Your objective
Skip the pictures and copy all the data that follows exactly.

Data block
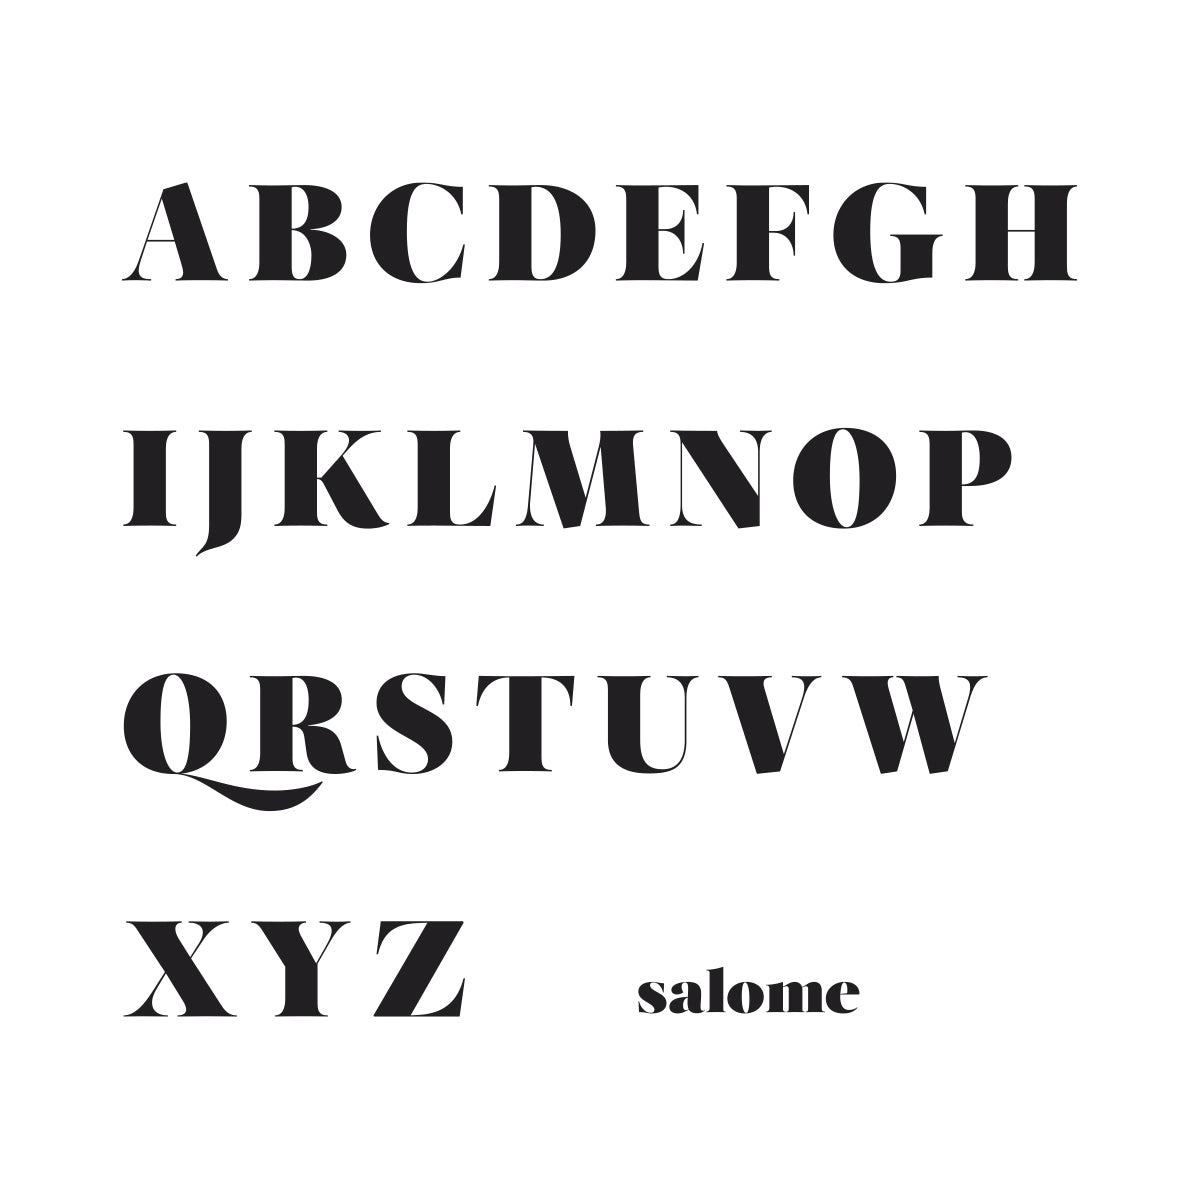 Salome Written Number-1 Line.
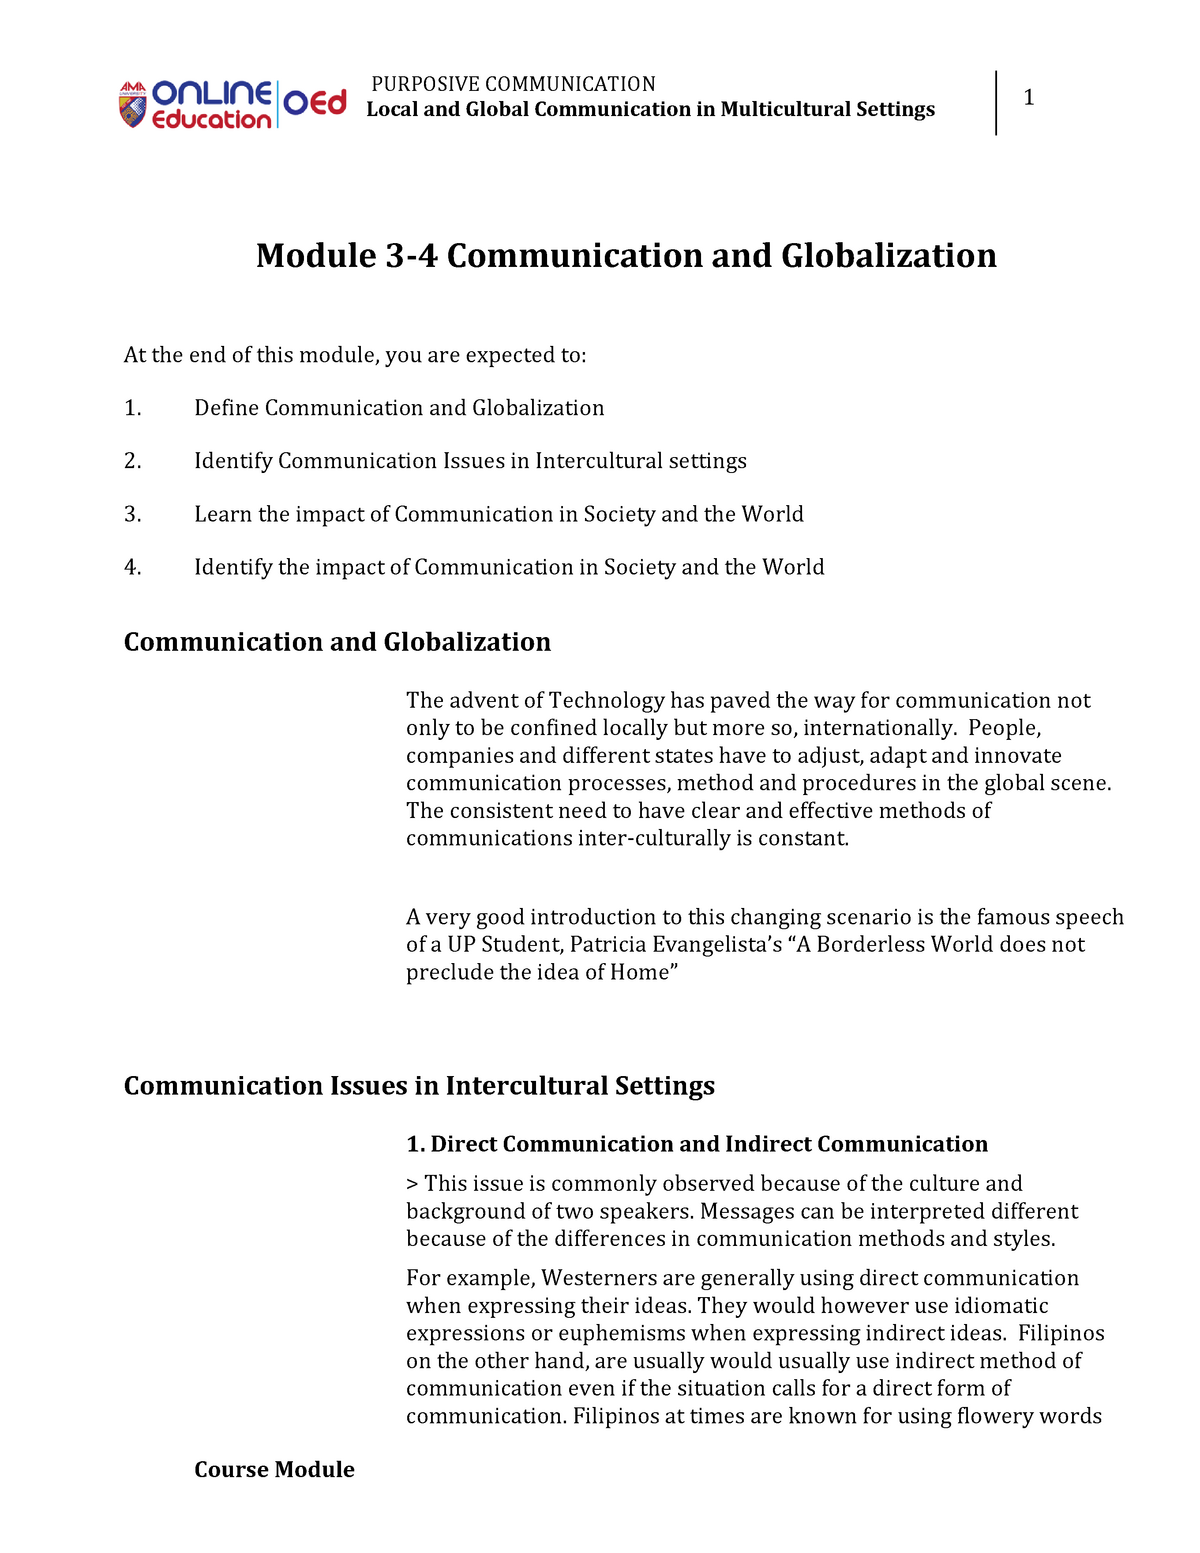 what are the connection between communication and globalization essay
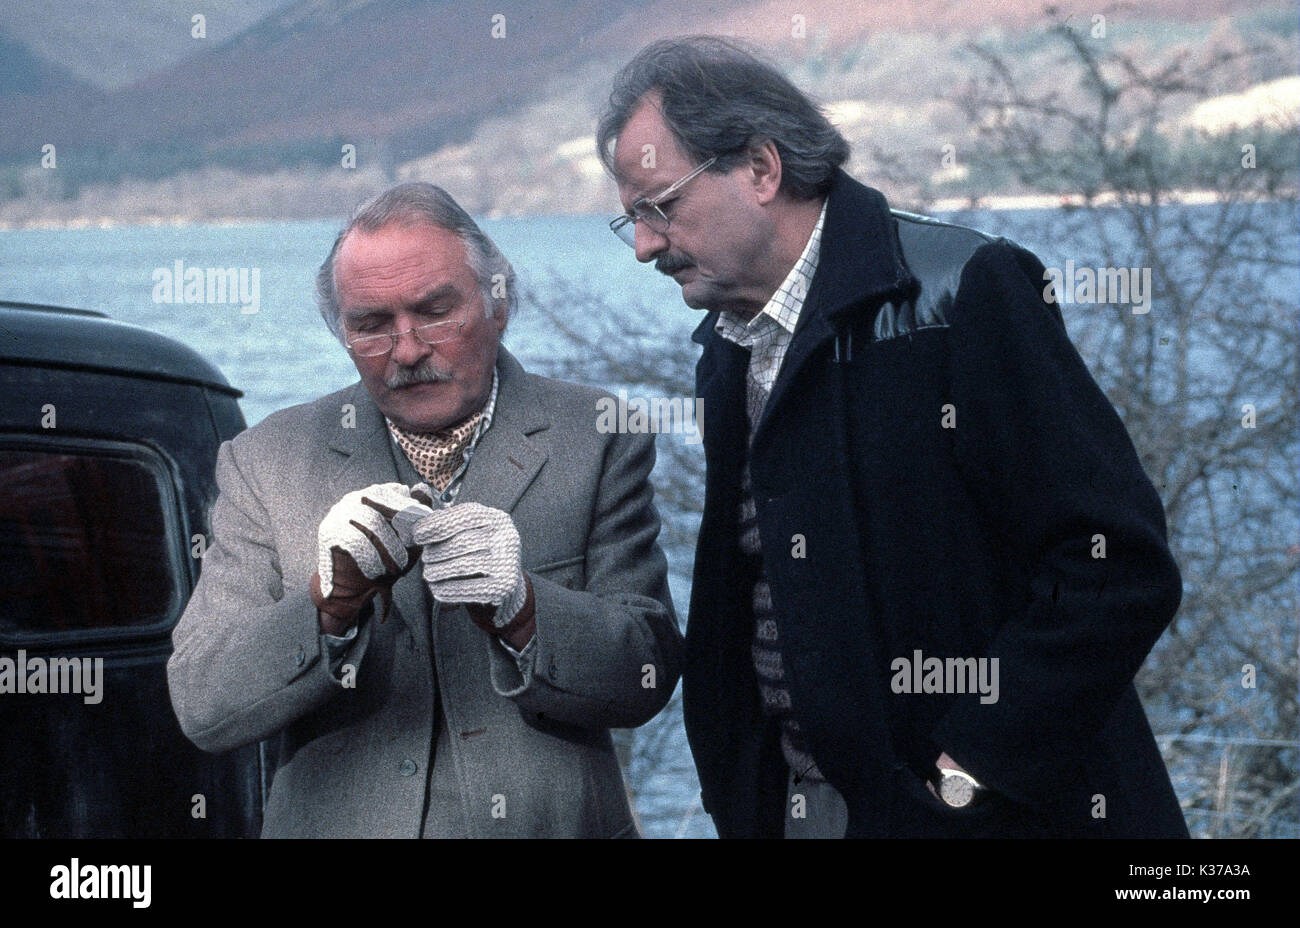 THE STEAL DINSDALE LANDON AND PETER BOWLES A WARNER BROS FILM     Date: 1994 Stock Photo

Expected answer
 Salome Written Number-1 Line.
 what are the connection between communication and globalization essay
 THE STEAL DINSDALE LANDON AND PETER BOWLES A WARNER BROS FILM     Date: 1994 Stock Photo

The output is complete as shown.